To establish the chain of trust in the reduced footprint data center 500, the KMS 502 can generate a master encryption key (MEK) 518. The MEK 518 can then be transmitted to the host region 510 KMS for a signing and wrapping operation performed by the HSM 512 using the root key 514. As used herein, the term “wrapping” describes a process whereby one key or similar piece of data is encrypted using another key, so that the wrapping key is needed to decrypt the wrapped key. In the example depicted in FIG. 5, two different wrapping/encryption operations can occur. The first is a wrapping by the HSM 512 in the host region 510. The MEK 518 can be wrapped using the root key 514, so that the wrapped MEK is transmitted back to the reduced footprint data center 500. This wrapped (encrypted and signed) MEK can be stored in a database (not shown in FIG. 5) of the reduced footprint data center 500 for the purposes of data recovery and subsequent retrieval and use by the KMS 502 (e.g., if the device 504 fails). The second wrapping operation occurs using the TPM 506 at the reduced footprint data center 500. The signed MEK 518 can be transmitted back to the KMS 502 after which the TPM 506 can wrap the MEK 518 to produce encrypted MEK 522. Encrypted MEK 522 can be stored in the block storage 520. Outside of data recovery operations, the KMS 502 can use the encrypted MEK 522 that is stored in the block storage 520 to perform cryptographic operations in response to requests received in the reduced footprint data center 500.
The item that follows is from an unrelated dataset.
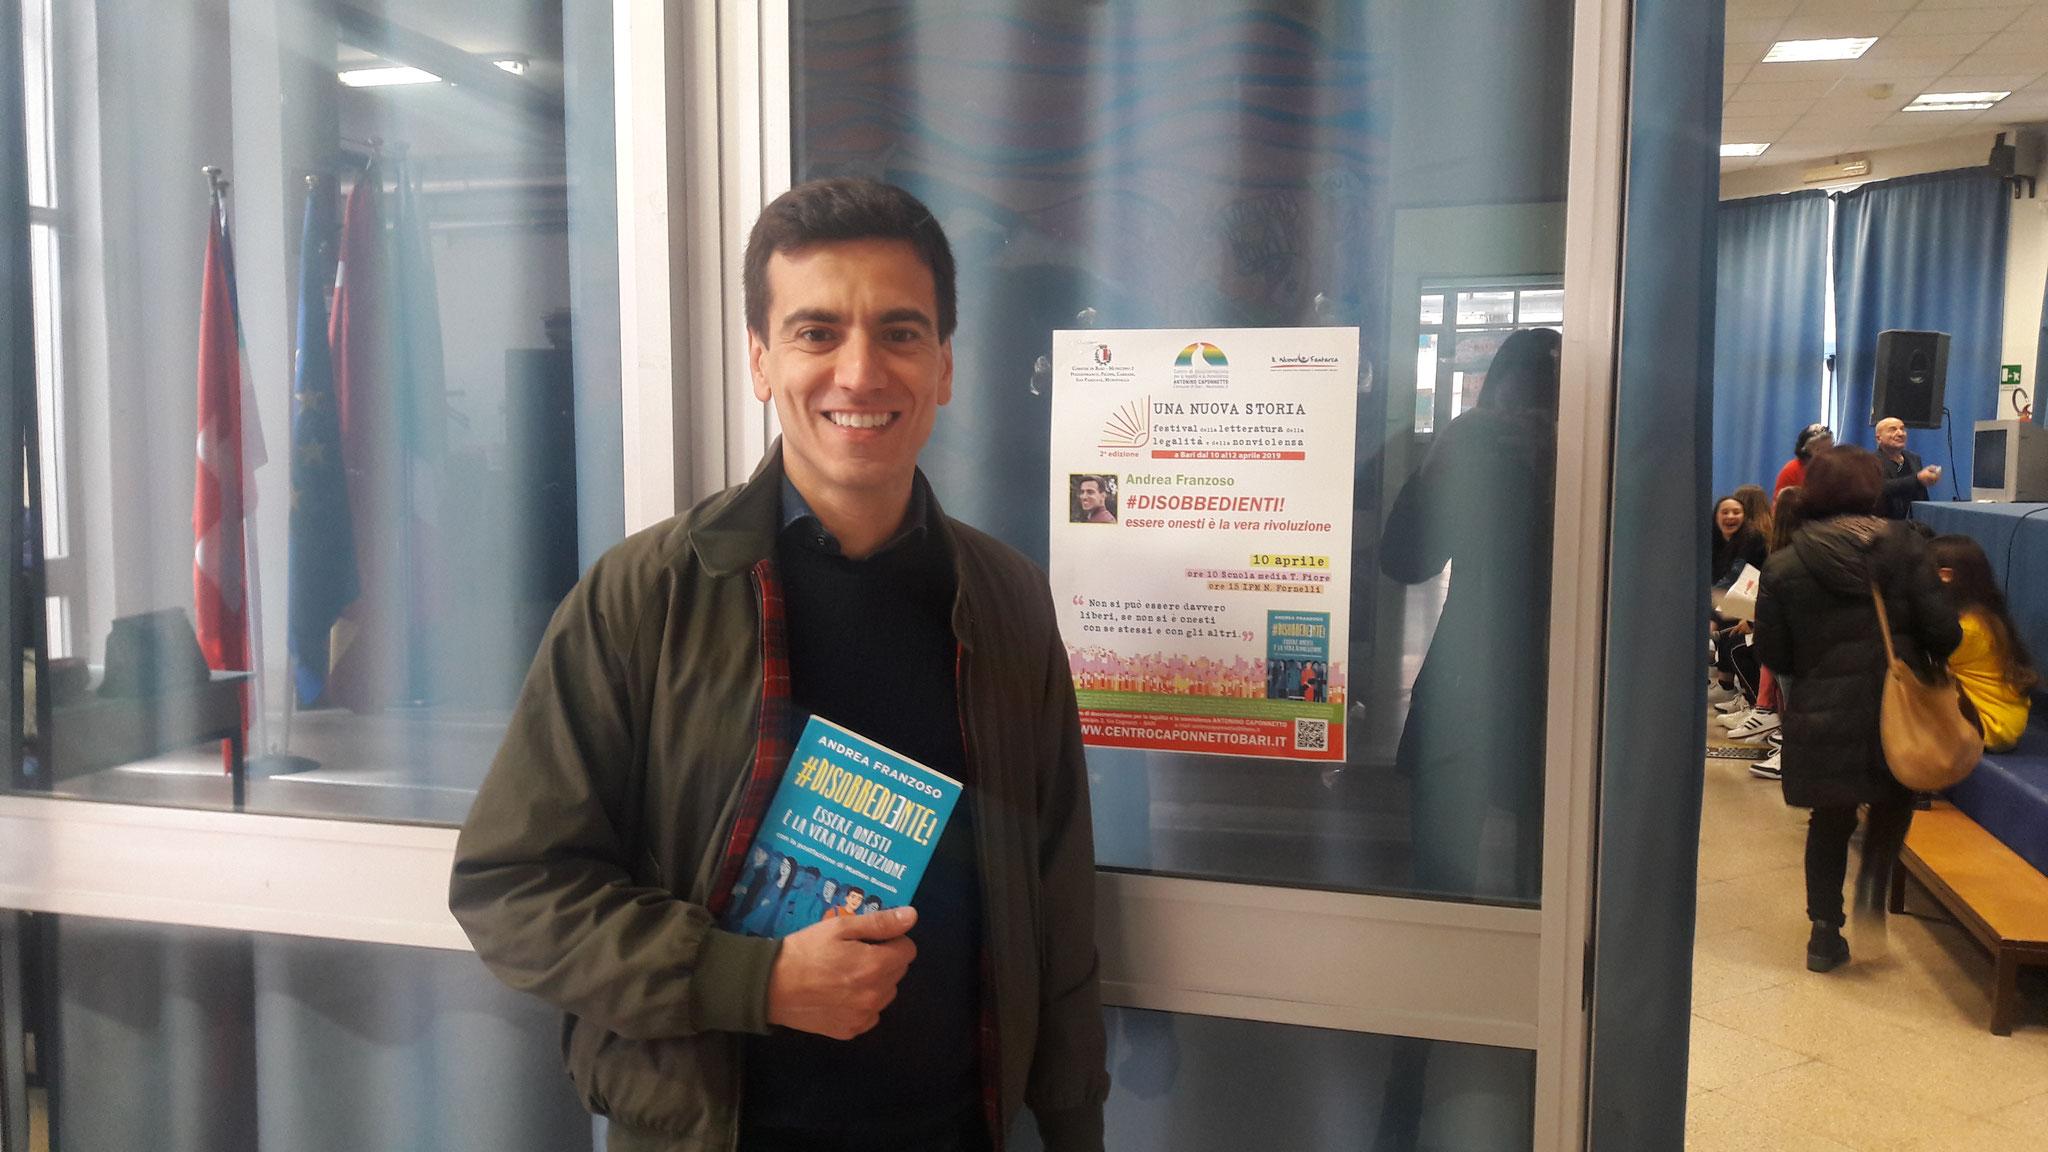 """Andrea Franzoso con """"#Disobbediente! Essere onesti è la vera rivoluzione"""" alla Scuola Media """"Tommaso Fiore"""""""

When needed for a cryptographic operation (e.g., signing a certificate in response to a certificate signing request received from a process executing in the reduced footprint data center 500), the KMS 502 can retrieve the encrypted MEK 522 from the block storage 520. The encrypted MEK 522 can be unwrapped by the TPM 506 using the wrapping key 516 to obtain the MEK 518, which can be maintained in process memory of the cryptographic service 503. The cryptographic operation can require the use of a customer key. Because the reduced footprint data center 500 does not include an HSM, the customer key may not be a hardware-based key stored at an HSM but can instead be a software-based key stored in a database 524 as one of the customer encrypted keys 528. For security, the encrypted keys 528 may be encrypted using an intermediate encryption key (IEK) 526, which is itself encrypted using the MEK 518 while it is stored in the database 524. To use a customer key for a cryptographic operation, the KMS 502 can retrieve the encrypted IEK 526, use the MEK 518 in memory to decrypt the encrypted IEK 526 to produce IEK 530, then use IEK 530 to decrypt one or more of the encrypted keys 528 to produce keys 532, which are also maintained unencrypted only in volatile memory of the cryptographic service 503 during the cryptographic operation.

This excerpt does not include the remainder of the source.